Exercise instructions
With the exception of the pictures, write out the data below precisely.

Dataset section
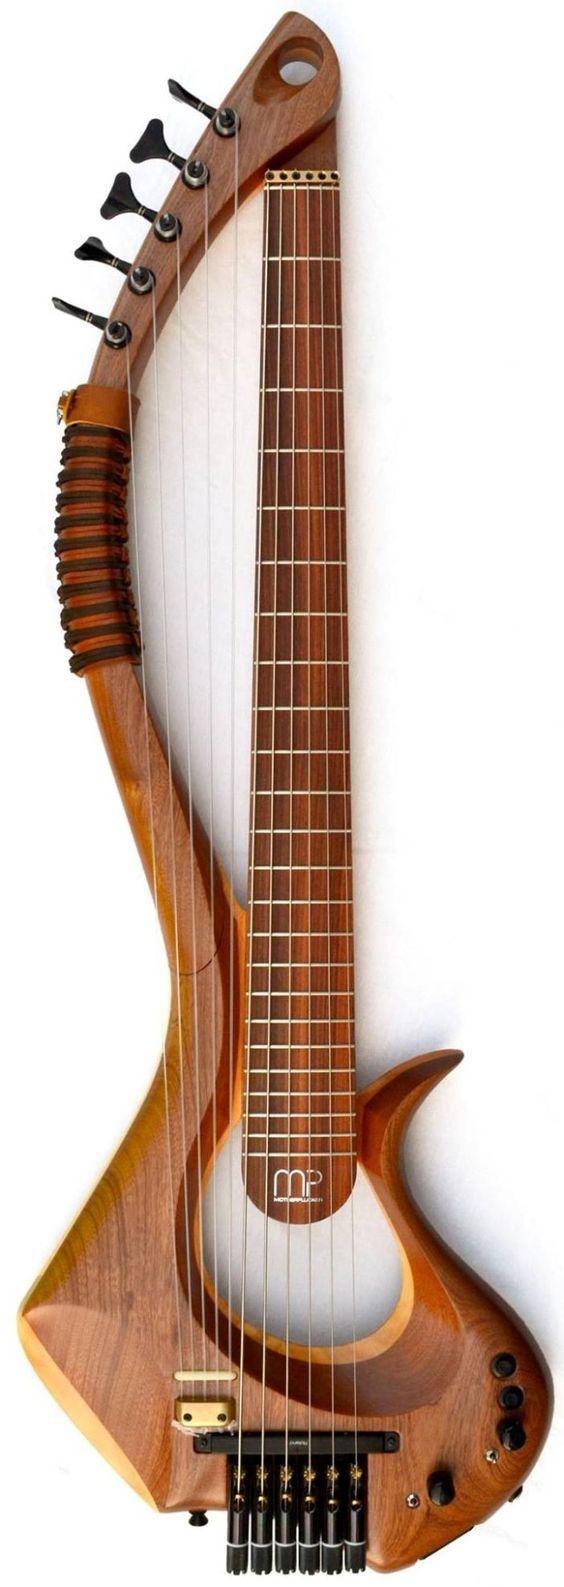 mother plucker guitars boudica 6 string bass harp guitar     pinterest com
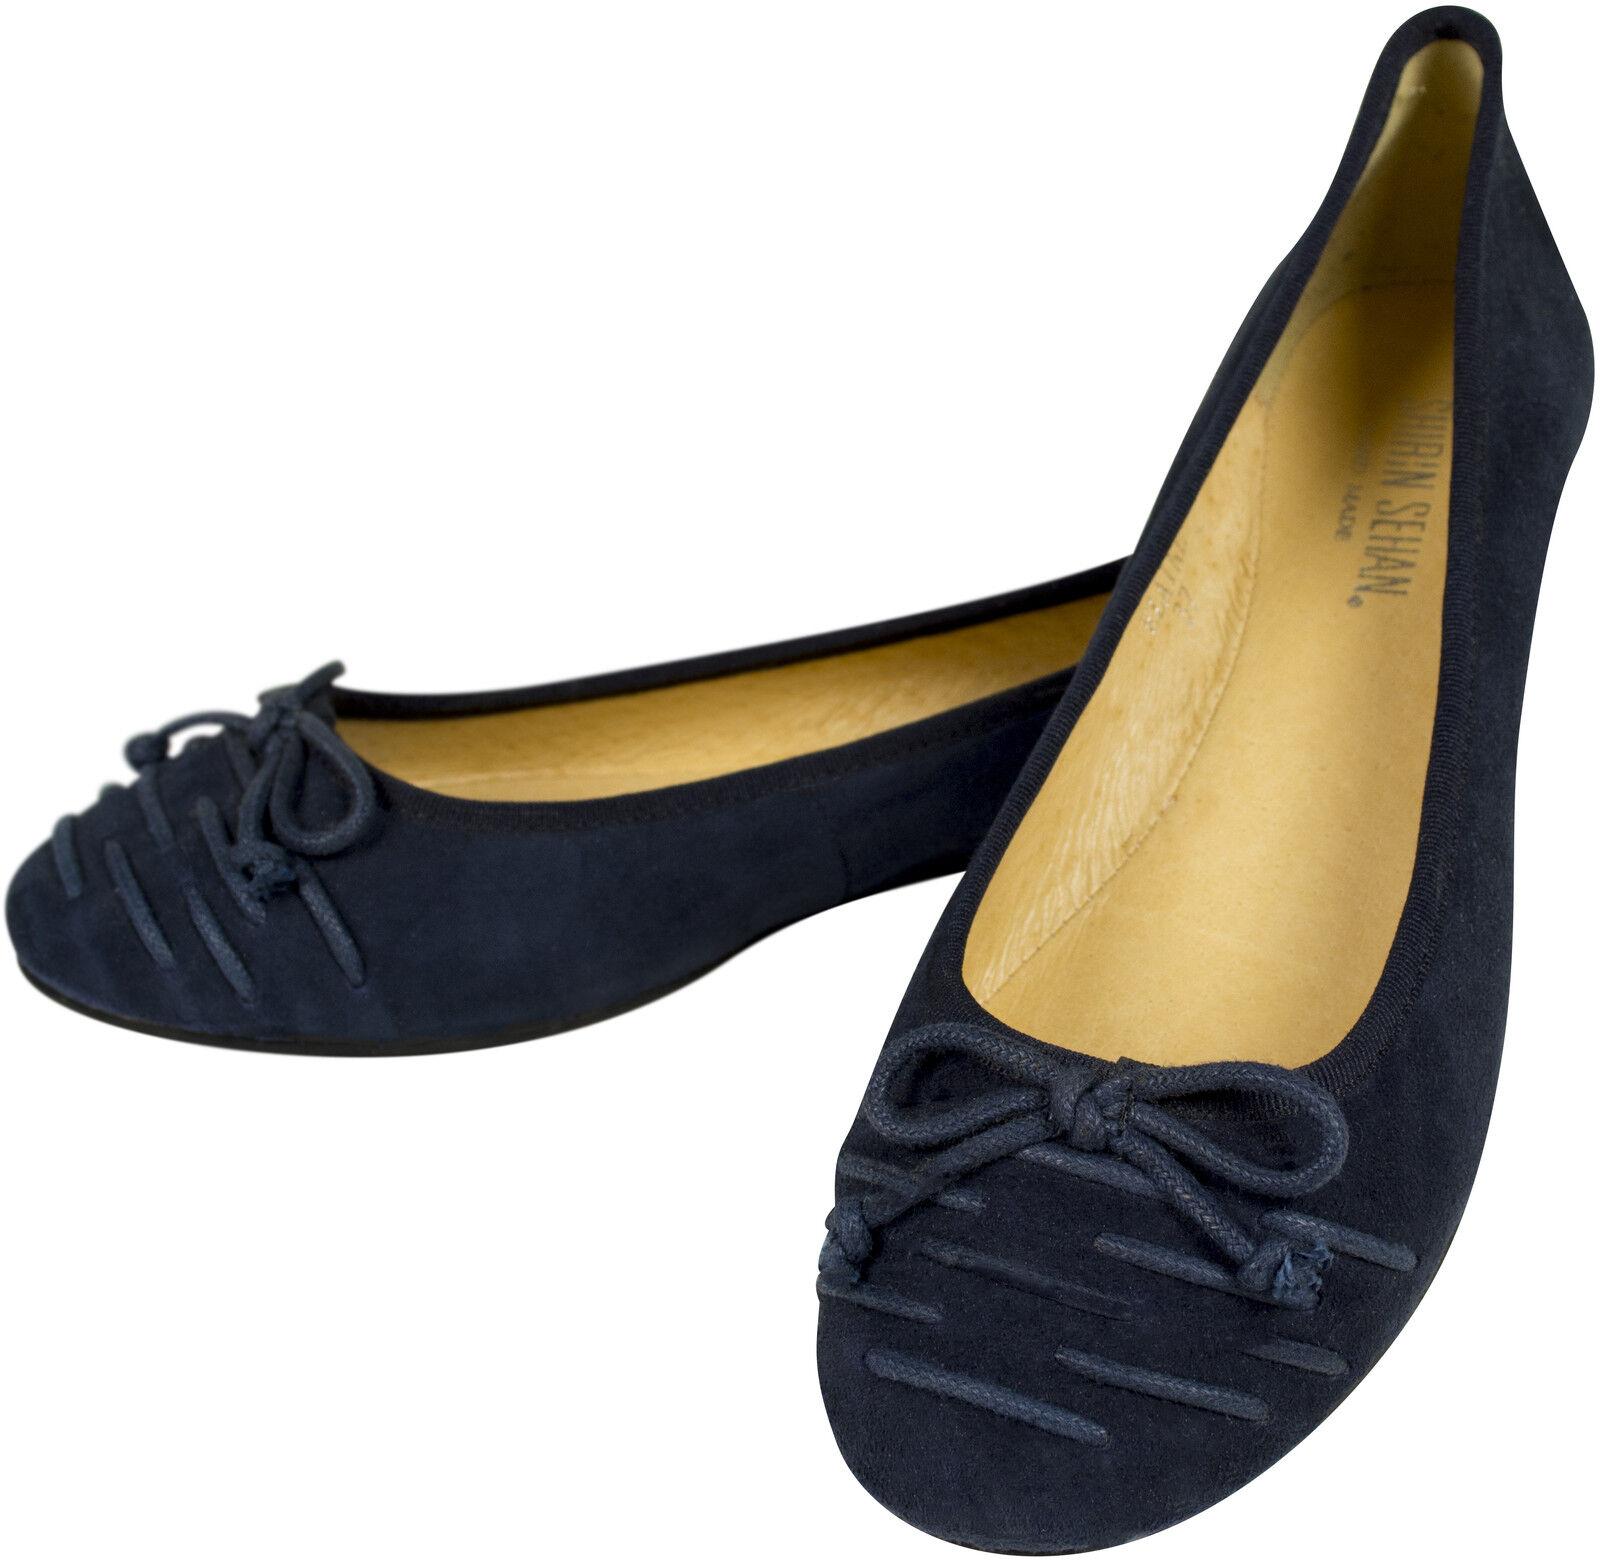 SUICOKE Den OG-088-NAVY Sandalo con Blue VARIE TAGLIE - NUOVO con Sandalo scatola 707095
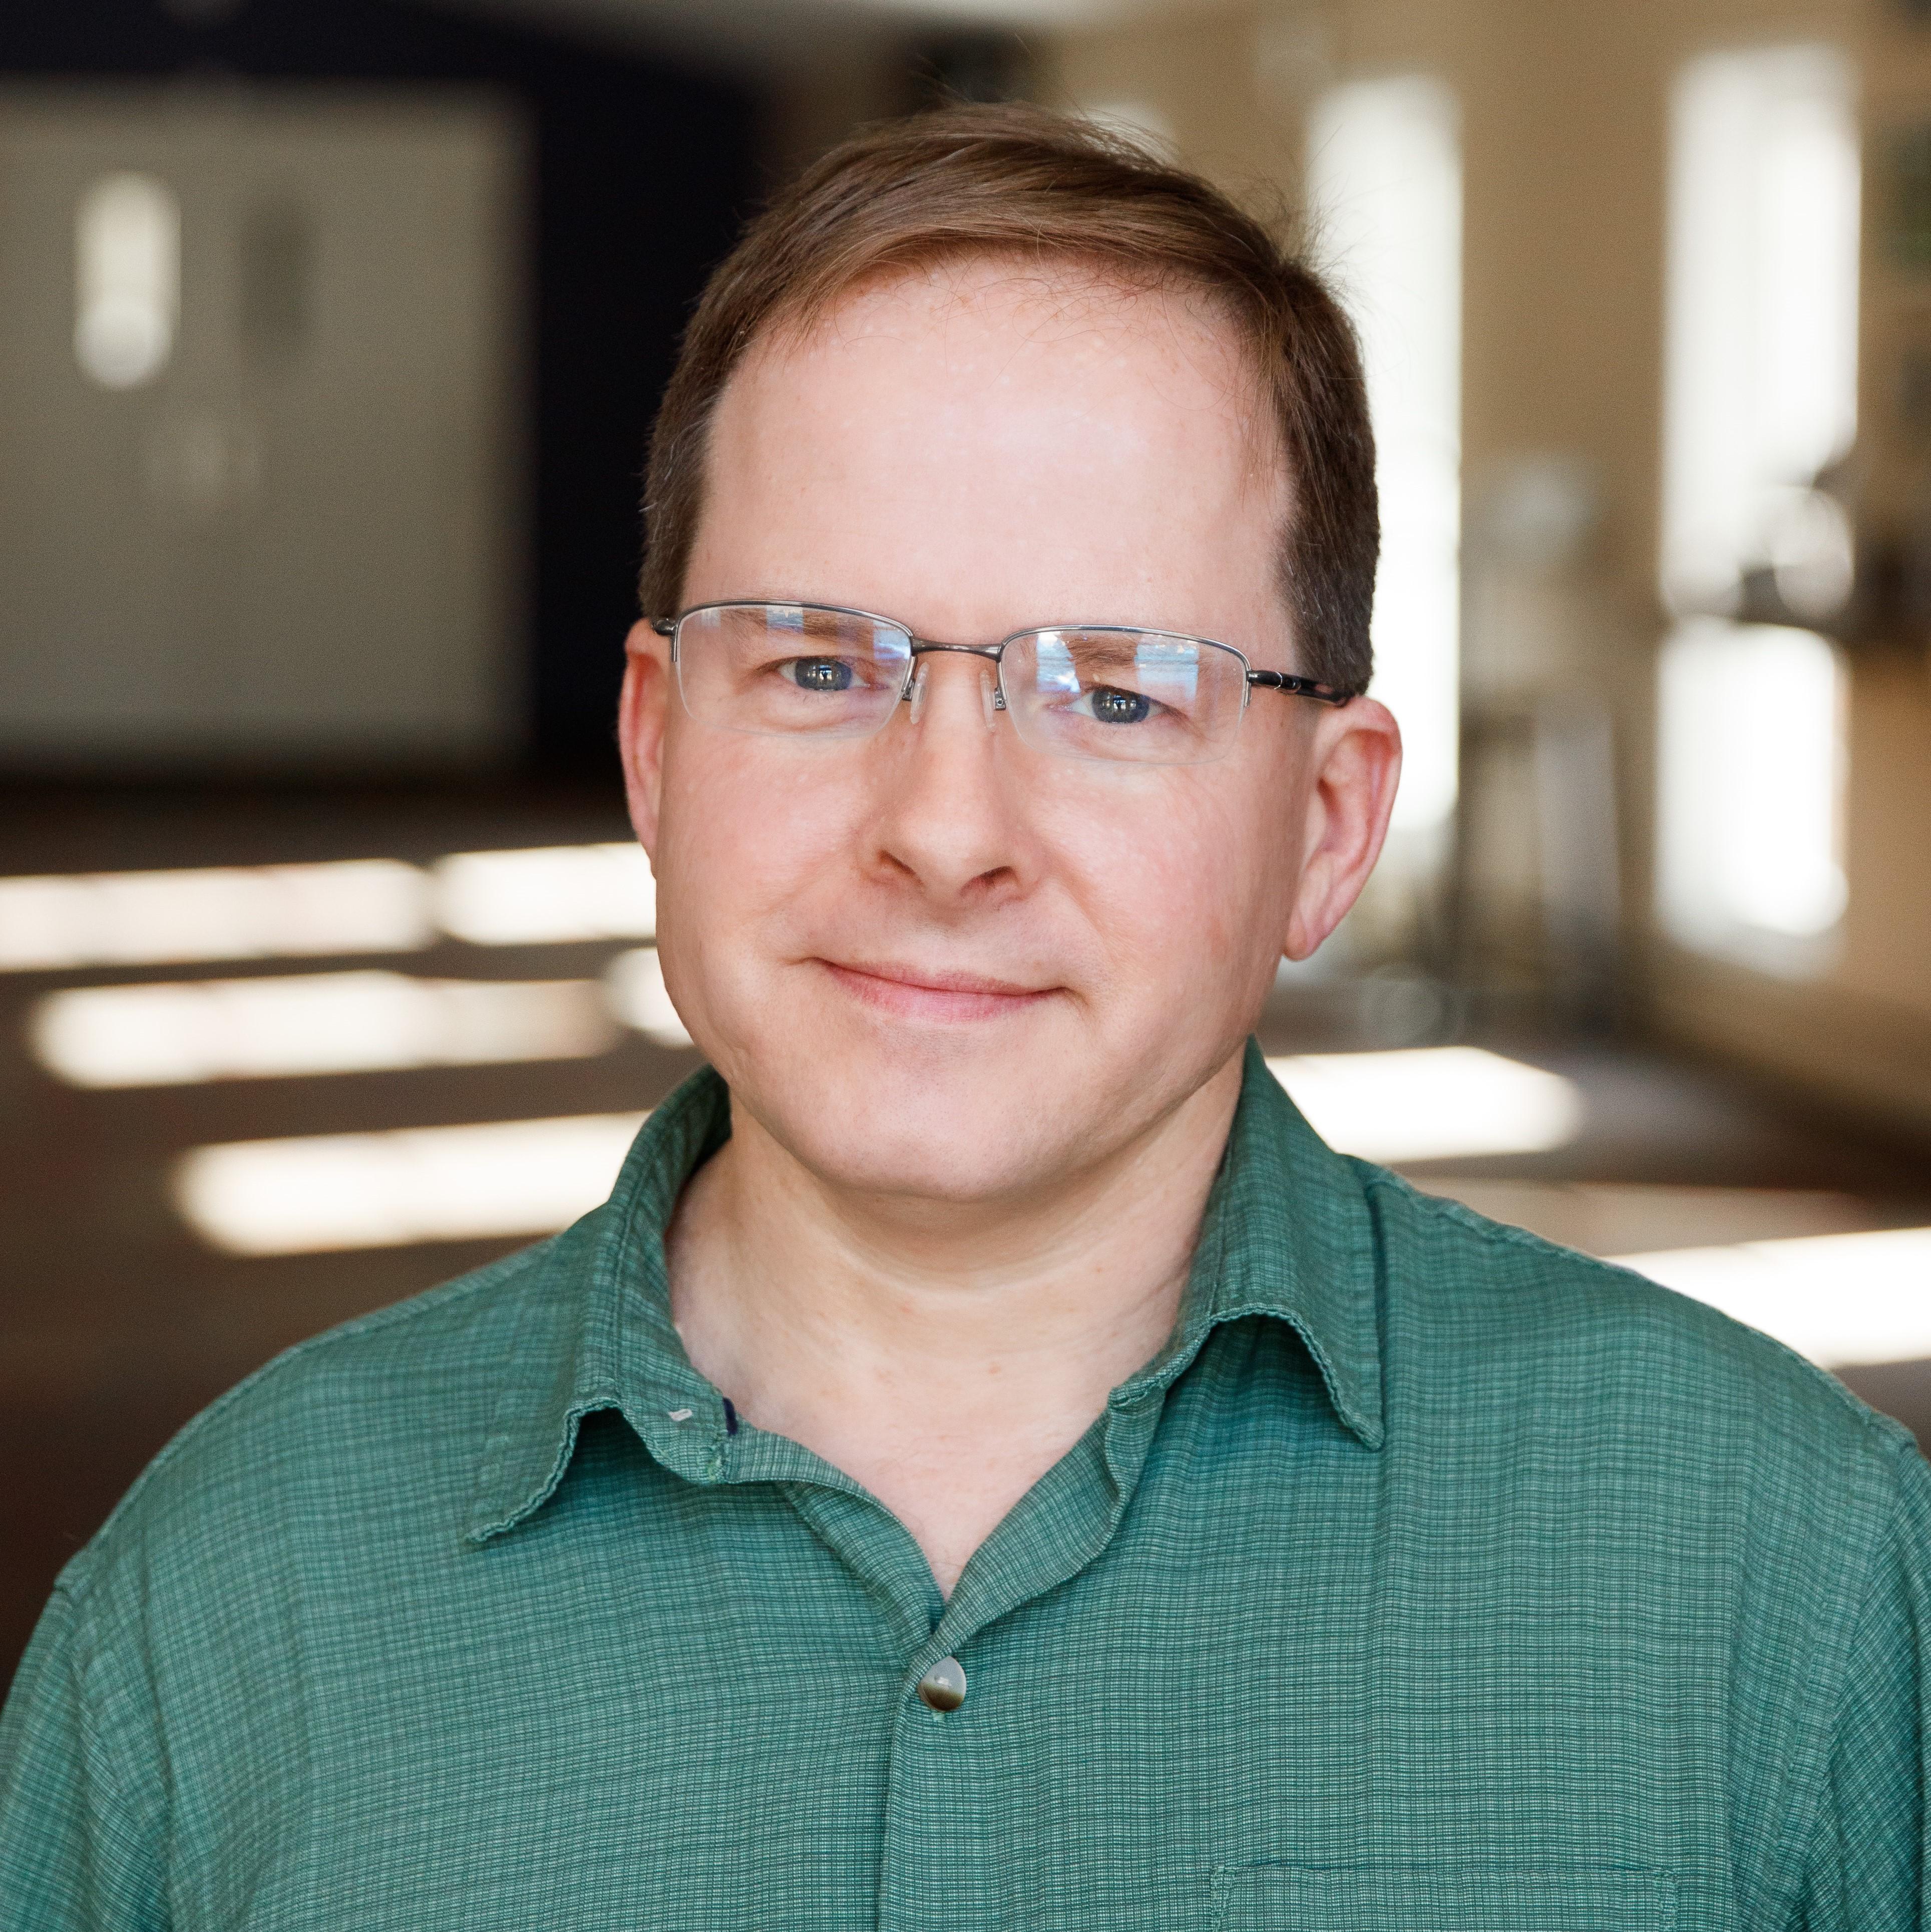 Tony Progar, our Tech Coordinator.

Exercise response
 mother plucker guitars boudica 6 string bass harp guitar     pinterest com
 SUICOKE Den OG-088-NAVY Sandalo con Blue VARIE TAGLIE - NUOVO con Sandalo scatola 707095
 Tony Progar, our Tech Coordinator.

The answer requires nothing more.